** Listed records follows **
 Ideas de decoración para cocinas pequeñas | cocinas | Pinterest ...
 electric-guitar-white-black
** End of Listed records **
** Listed records follows **
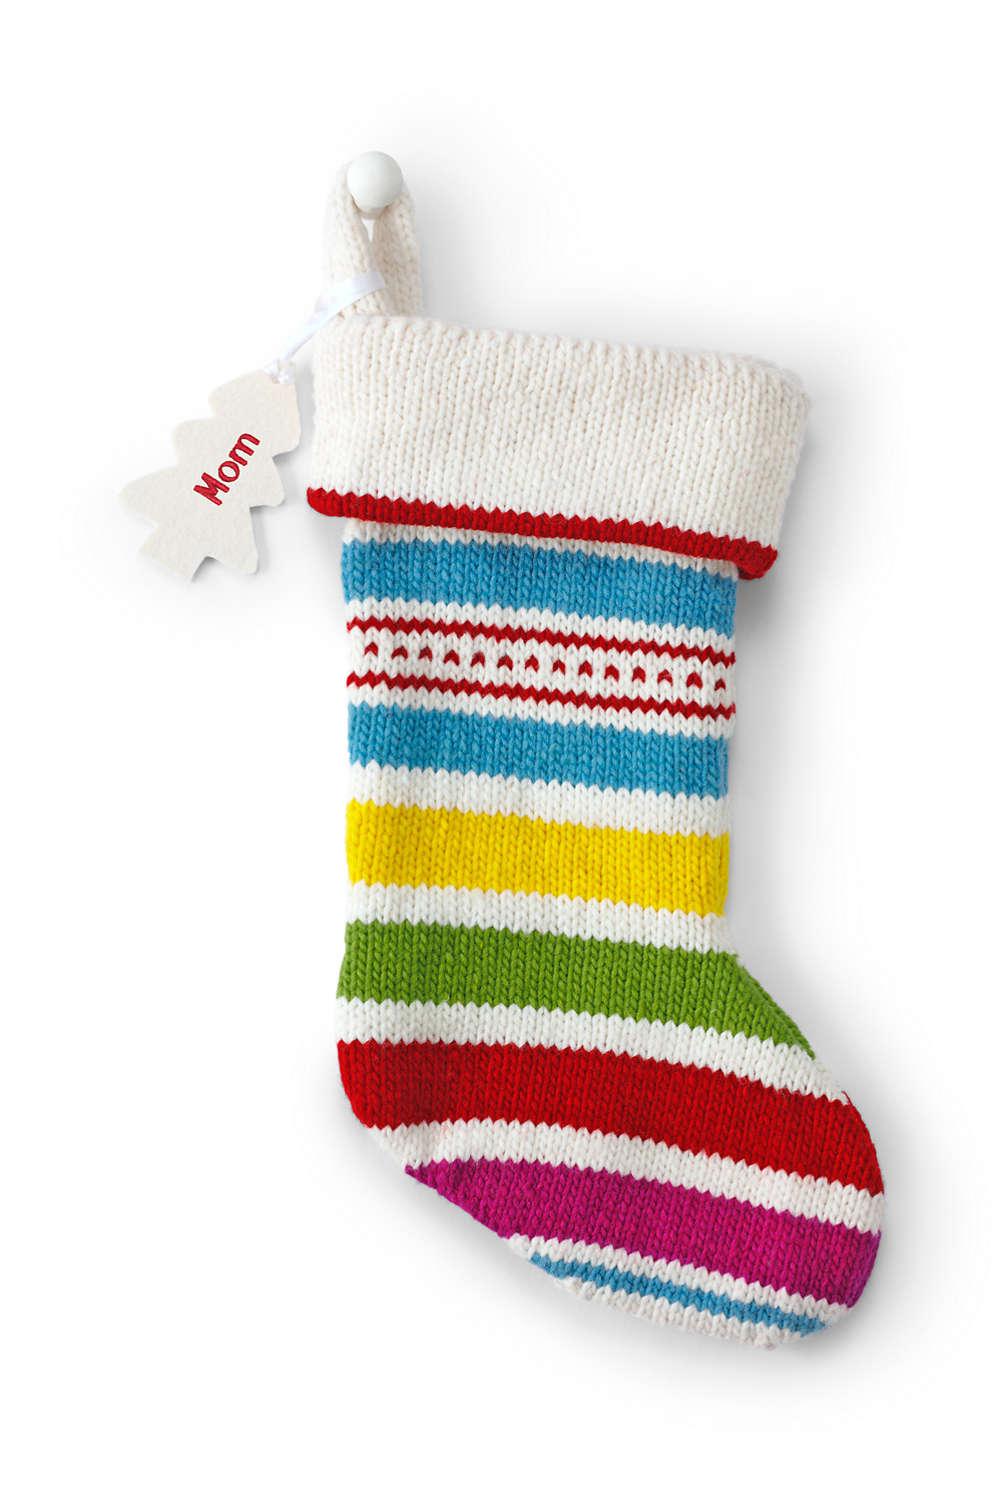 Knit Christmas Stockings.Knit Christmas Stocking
** End of Listed records **
Goal of the exercise:
From the records above, transcribe exactly the run of lines that opens with the line holding "Ideas de decoración" and closes with the line holding "electric-guitar-white-black", both included.

Response area:
 Ideas de decoración para cocinas pequeñas | cocinas | Pinterest ...
 electric-guitar-white-black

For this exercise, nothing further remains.